The adaptive immunity is a more specific response to this particular
invader to try to clear it. B cells generate antibodies, and T cells
help B cells make antibodies and can kill viruses themselves. If
everything goes well, you will kill the virus and you will develop
some immunity to it.
We know that older adults are more likely to die from the coronavirus,
in part because of their immune systems. What’s going on?
People who study aging know this phenomenon as immunosenescence. As
you get older, both the innate and the adaptive immune cells are not
as efficient at mounting a response to an infection.
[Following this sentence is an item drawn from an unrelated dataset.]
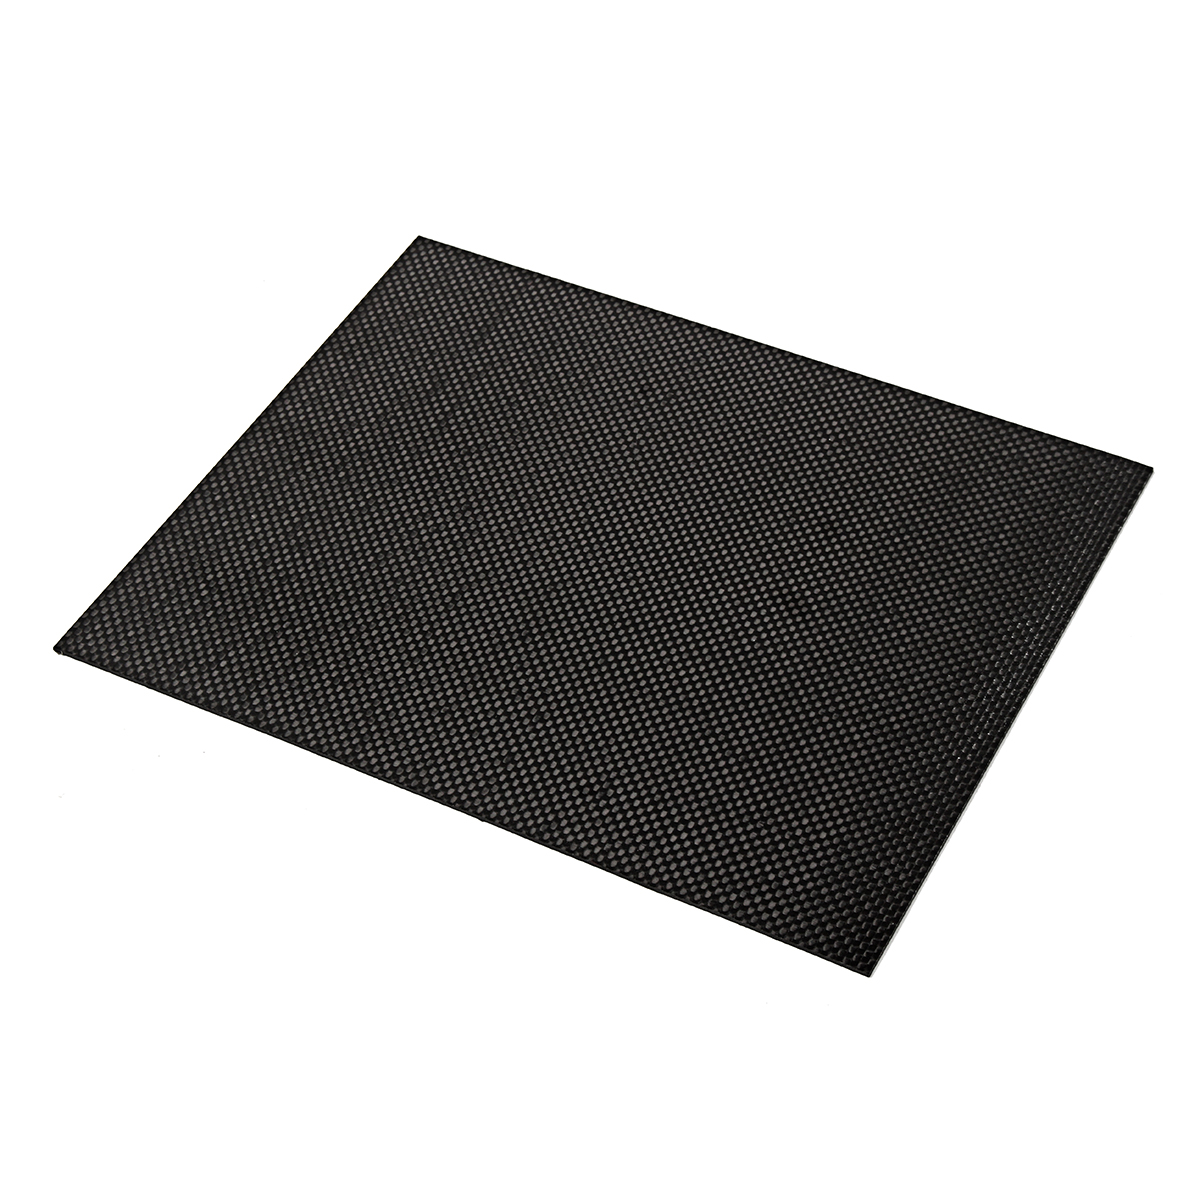 200x250x05-2mm-Plain-Weave-3K-Carbon-Fiber-Plate-Panel-Sheet-Tabby-Matt-Surface-Board-1332224-3

In the innate immune cells, pathways that make cytokines don’t work
properly. It takes them longer to make the cytokines and by that time
the pathogen may have already invaded other cells. At the same time,
the innate immune cells don’t communicate as well with the adaptive
immune cells to mount that second line of defense.
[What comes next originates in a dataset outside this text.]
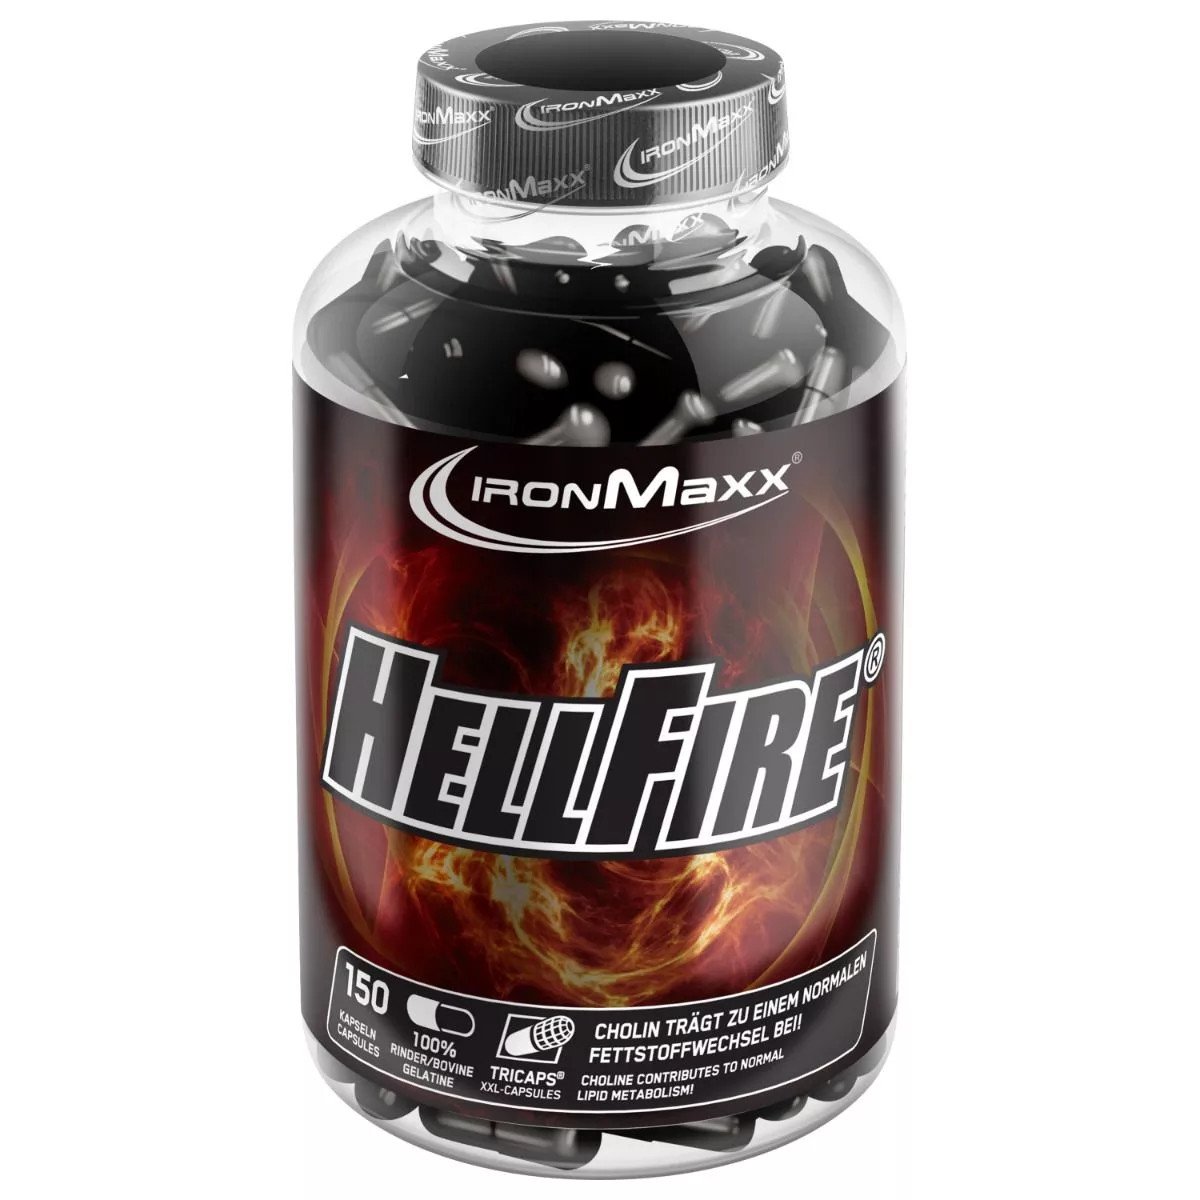 Жиросжигатель IronMaxx Hellfire Fatburner, 150 капсул,  мл, IronMaxx. Жиросжигатель. Снижение веса Сжигание жира

Another important thing is that the immune cells are all derived from
stem cells in the bone marrow. And as you age, your bone marrow has a
smaller pool of those cells to draw on. That impacts how many immune
cells you produce.
Some people with COVID-19 develop a dangerous immune response called a
cytokine storm. What is that?
An effective immune system needs effector immune cells to fight the
initial infection, but you also need suppressor immune cells to turn
off those defenses. That’s what keeps people from having a constant
fever of 105 degrees; your fever starts high and then goes down
because your immune system is modulating, depending on how much of the
virus you still have. You have to have a balance of those effector and
suppressor cells, and older adults don’t always have that balance.
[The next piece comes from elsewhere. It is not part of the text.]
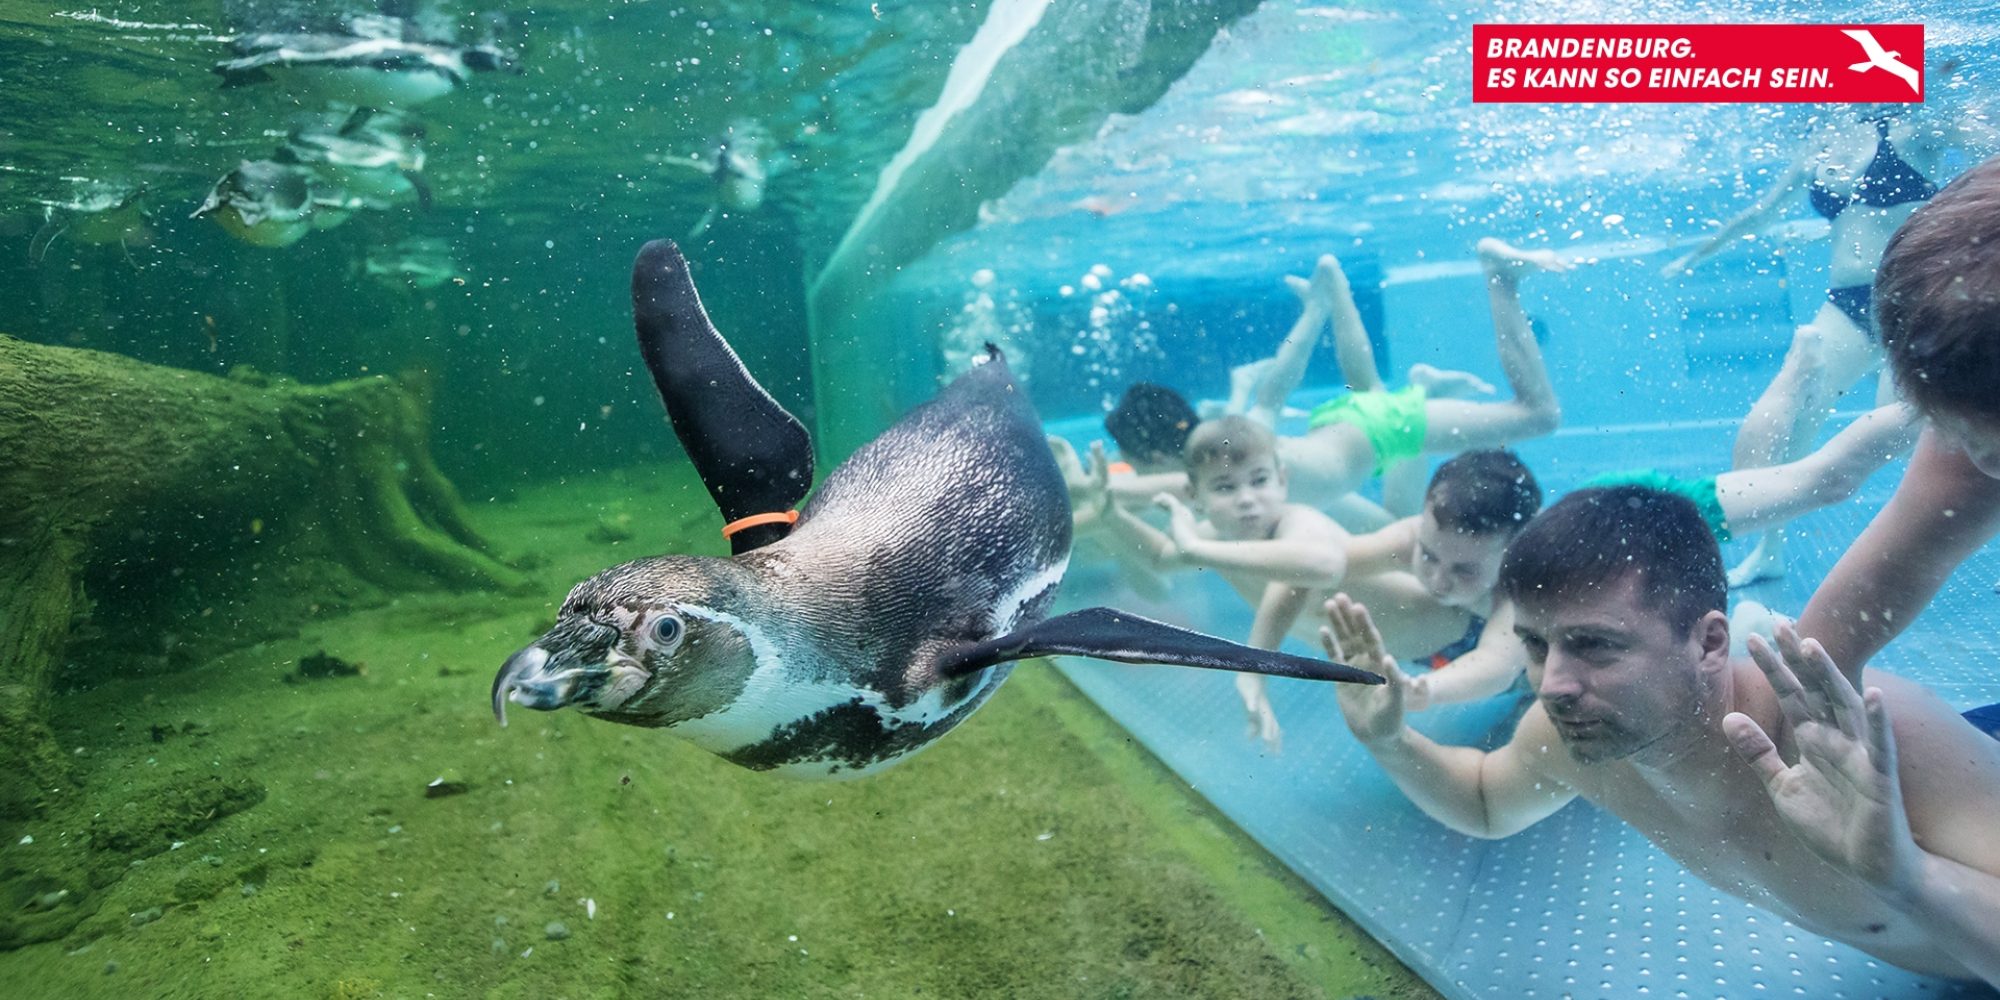 Menschen tauchen in einem Schwimmbad, an das durch eine Scheibe getrennt ein Aquarium anschließt, in welchem ein Pinguin taucht.

In a cytokine storm, your immune system thinks it needs to make more
and more of those cytokines, even though they are not sufficient to
stop the virus. It is a non-stop feedback loop. The virus is telling
your immune system, “You can kill me. Activate more and more and
more.”
Then, if the brakes stop working because the suppressor cells are not
getting their message across, any vulnerable organ can be damaged. At
that point, the virus may be not only in the upper respiratory tract
but in the lungs or heart. So then you have a flood of immune cells
going to those places.
Some of those immune cells are called cytotoxic T cells, because they
release toxic compounds meant to kill a virus. But if they release
them in a place where they shouldn’t be, then they damage the organs.
And that’s what some people are dying from. If you cannot turn off
your immune system, your own immune system can end up killing you.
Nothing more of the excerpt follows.